In deze zaak heeft de president van de Arrondissementsrechtbank te 's-Gravenhage op 20 september 2001 uitspraak gedaan in een verzoek om een voorlopige voorziening. Verzoekster, een Somalische asielzoekster, was uitgeprocedeerd en op dezelfde dag uit Nederland verwijderd naar Tanzania. De president oordeelde dat er onvoldoende beleidsregels zijn voor de behandeling van aanvragen die kort na uitzetting worden ingediend. De president benadrukte dat de psychische en medische toestand van verzoekster, die lijdt aan een posttraumatische stress-stoornis, en de situatie van haar minderjarige zoon, die ook getraumatiseerd is, zwaarwegende belangen zijn die in deze zaak moeten worden meegewogen. De president concludeerde dat de belangen van verzoekster zwaarder wegen dan die van de verweerder, de Staatssecretaris van Justitie, en dat het noodzakelijk is om verzoekster en haar zoon de mogelijkheid te bieden om terug te keren naar Nederland. De president heeft verweerder bevolen ervoor te zorgen dat verzoekster en haar zoon op kosten van de Nederlandse staat naar Nederland kunnen terugkeren en dat zij na aankomst op Schiphol worden toegelaten. Tevens is verweerder veroordeeld in de proceskosten van verzoekster.

Uitspraak

Arrondissementsrechtbank te 's-Gravenhage
zittinghoudende te Amsterdam
Sector Bestuursrecht
president
Uitspraak
artikel 8:84 Algemene wet bestuursrecht (Awb)
jo artikel 71 Vreemdelingenwet 2000 (Vw 2000)

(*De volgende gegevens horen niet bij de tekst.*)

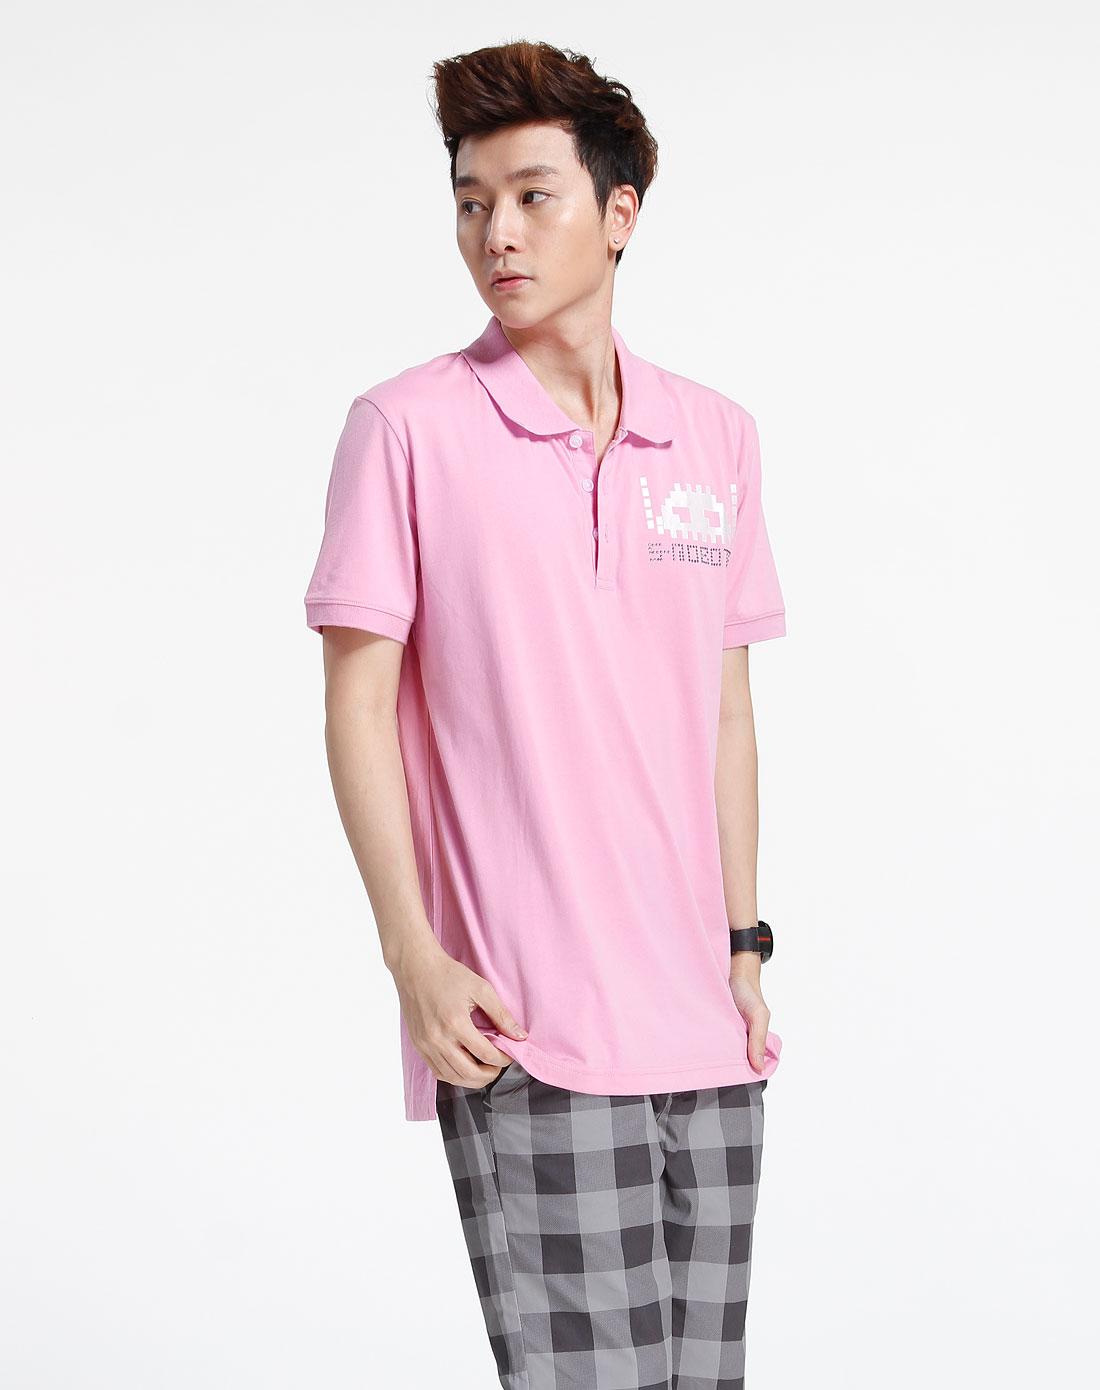 森马-男装-粉红色休闲短袖t恤图片

reg. nr.: AWB 01/47591 BEPTDN
inzake: A, ook bekend als A, geboren op [...] 1959, van Somalische nationaliteit, verzoekster,
gemachtigde: mr. V.W.J. Kuit, advocaat te Amsterdam,
tegen: de Staatssecretaris van Justitie, verweerder,
gemachtigde: mr. J. Kleinsma, ambtenaar bij de Immigratie- en Naturalisatiedienst van verweerders ministerie.
I. PROCESVERLOOP
1. Op 20 september 2001 is door en/of namens verzoekster een aanvraag ingediend om verlening van een vergunning tot verblijf met als doel: „humanitaire redenen dan wel medische behandeling“.
2. Bij bezwaarschrift van 20 september 2001 heeft verzoekster bezwaar gemaakt tegen haar feitelijke uitzetting door verweerder op diezelfde dag uit Nederland.
3. Bij verzoekschrift van 20 september 2001 heeft verzoekster de president van de rechtbank verzocht een voorlopige voorziening te treffen in die zin dat verweerder wordt verboden verzoekster uit Nederland te (doen) verwijderen althans de verwijdering ongedaan te maken en verzoekster weder toe te laten tot Nederland zolang niet is beslist op het bezwaarschrift. Bij verschillende brieven van 20 september 2001, deels met bijlagen, heeft verzoekster haar standpunt nader onderbouwd.
4. Bij brief van 20 september 2001 heeft verweerder zijn standpunt ten aanzien van de ingediende aanvraag, het ingediende bezwaar en de voorlopige voorziening toegelicht.
5. Het verzoek is, gelet op de bijzondere omstandigheden van deze zaak, met toepassing van artikel 8:83, vierde lid van de Awb, niet ter zitting behandeld.
II. FEITEN
1. De president gaat uit van de volgende feiten.
2. Verzoekster, van Somalische nationaliteit, is als asielzoekster uitgeprocedeerd, doordat de fungerend president van deze rechtbank (zittingsplaats ’s Gravenhage) bij uitspraak van 29 juni 2000 het verzoek heeft afgewezen om een voorziening te treffen die er - onder meer - toe strekte de uitzetting achterwege te laten totdat in bezwaar zou zijn beslist op het mede ten behoeve van haar minderjarige zoon ingediende verzoek haar in Nederland als vluchteling toe te laten.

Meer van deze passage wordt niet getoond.